Unfortunately, some of the other media people targeted by DD were more gullible, or less rigorous in their research. Some of them gave National Library management a platform for their views, with no critical questioning. The Spinoff published a response to Larsen on 4 February 2020, which was a somewhat incoherent defence of ‘weeding’ books * by a junior university librarian. (If she has a garden, there must be nothing in it but scorched earth, if she imagines that getting rid of over 600,000 items in one fell swoop constitutes ‘weeding’.)

The books editor at Newsroom, Steve Braunias, did not buy the DIA line. Newsroom provided a platform for informed critics of the book cull during 2020. They included Ph.D. student Michael Moore-Jones (What’s really at stake in book-culling decision, February 2020), Victoria University associate professor in History, Dolores Janiewski (Lest we forget the power of knowledge, June 2020) and a poem – On the vandals at the National Library – by poet and English professor Harry Ricketts. Braunias himself wrote several articles, starting with Wanted: a politician with the guts to halt a cultural scandal.

The plan to dispose of a large number of books to other libraries has so far been a flop, with fewer than 5000 taken so far. Nor do some of these libraries (e.g. in prisons) provide public access to what were once the public’s books. The proposed book sales to be run by Rotary, Lions and other charitable organisations also didn’t happen when or as planned. The only one to actually occur (in Trentham in November 2020) was a shambles. As Chris Bourke described it for Newsroom (Special report: flogging the family silver for $2) “The problem of “rehoming” was solved by shifting them to a neighbour’s garage; by “weeding” using Roundup.” No funds were raised for literacy charities, and books which were requested by historians, graduate students and others to be saved for them went to the book sale and have never been seen again.

Also gone for good by November 2020 were Minister Tracey Martin (voted out with the rest of New Zealand First) and Double Denim, which closed down due to the difficulties of finding and doing work on-line during the Covid-19 lockdowns. By the time the new minister (Jan Tinetti) took up the role, and was briefed by her new department, there was some hope among those who care about a National Library which values and protects books and makes them accessible to all those who want to use them, that this minister would be less susceptible to nonsense about ‘re-homing’ and ‘making room for Maori and Pacific items’ and the like. Alas, no.

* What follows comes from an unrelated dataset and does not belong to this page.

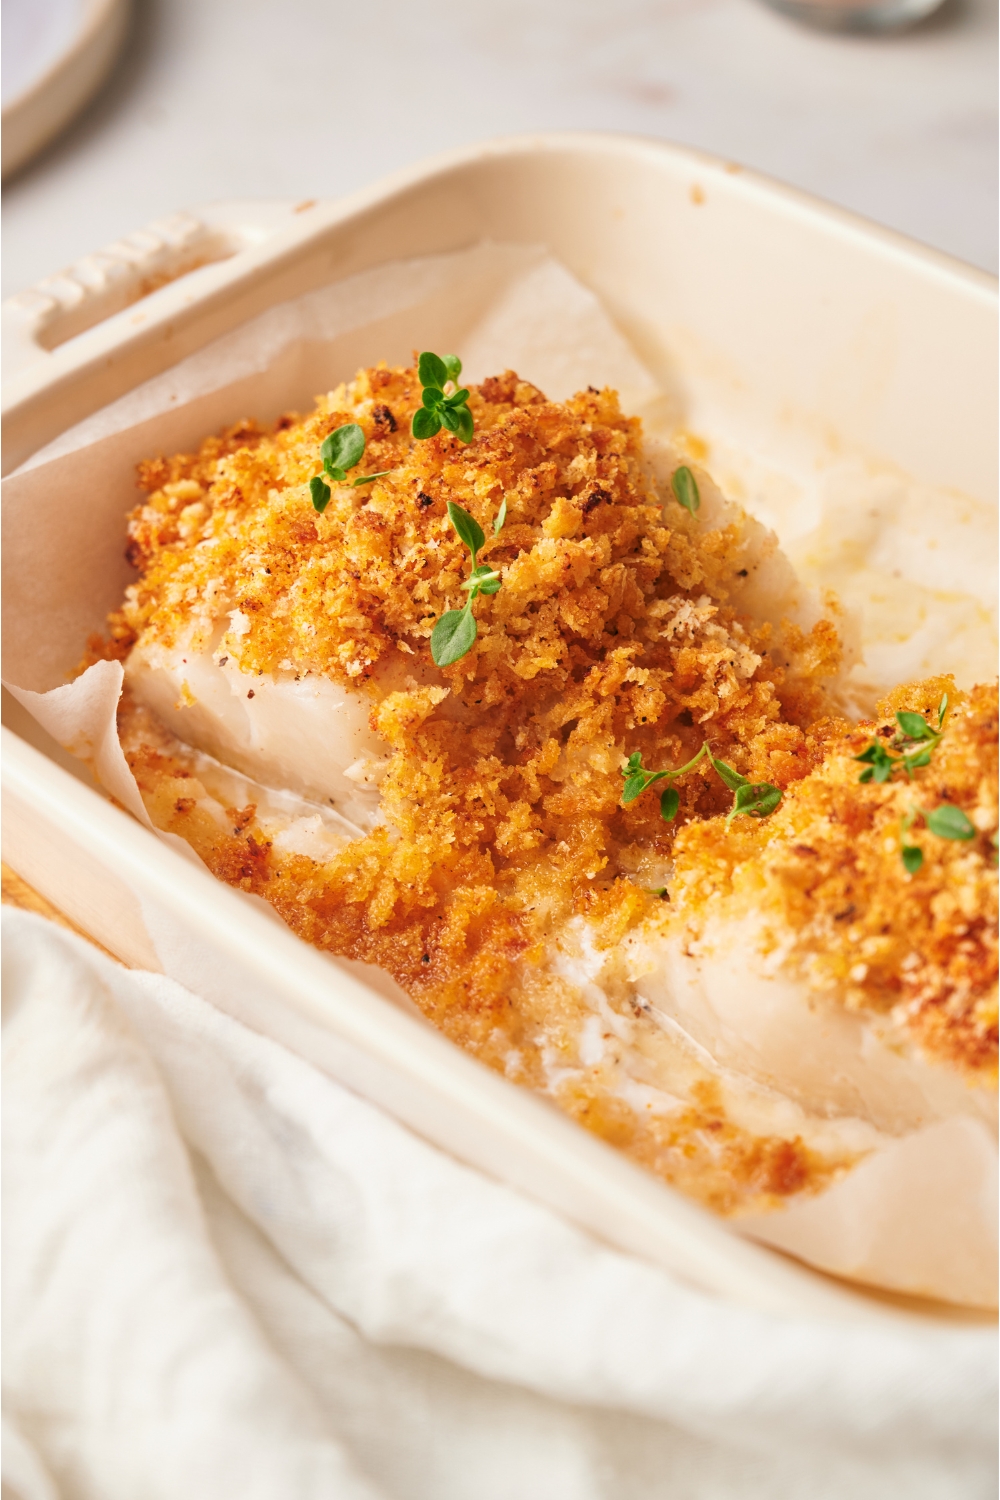 Baked cod topped with a golden brown seasoned crust and garnished with fresh herbs.

What is happening now? BGA doesn’t know. Time to put in more OIA requests and spend hours and hours we don’t have reading through them to find out how so-called ‘public’ servants actually carry on their mendacious business with regard to the public’s property and the public interest? No – doing it once is enough. We’ve made our point. If the Commander-in-Chief says “Charge!” the troops obey, no matter that it is in the wrong direction and for the wrong cause. “Theirs not to make reply, Theirs not to reason why, Theirs but to do…” but not to die. That fate is reserved for the books, and their contribution towards the creation of new knowledge that all New Zealanders need, and could use to grow and enhance the “cultural and economic life of New Zealand”, as per the purpose of the National Library Act, 2003. But you try telling the government that…

* Especially incoherent and puzzling is this bit: “American director John Waters put it bluntly: “If you go home with somebody, and they don’t have books, don’t fuck ’em!” Maybe we can blame Fahrenheit 451, or maybe it’s just #toosoon after the ancient Library of Alexandria burnt. Whatever it is, we all understand how George feels here.” Who is George? There are no Georges referenced anywhere else in the article. If the author can’t get the name just one sentence away right, what else is she getting wrong?

3 thoughts on “Lies, damned lies and public relations….

  1. Hi – the George referred to in the Rebecca Hastie article is George Costanza. There’s a Seinfeld clip embedded in the article just below the bit you quote.

    Personally, I’m horrified by the NL’s plan to discard the OPC. Thanks for your work in trying to put a stop to it.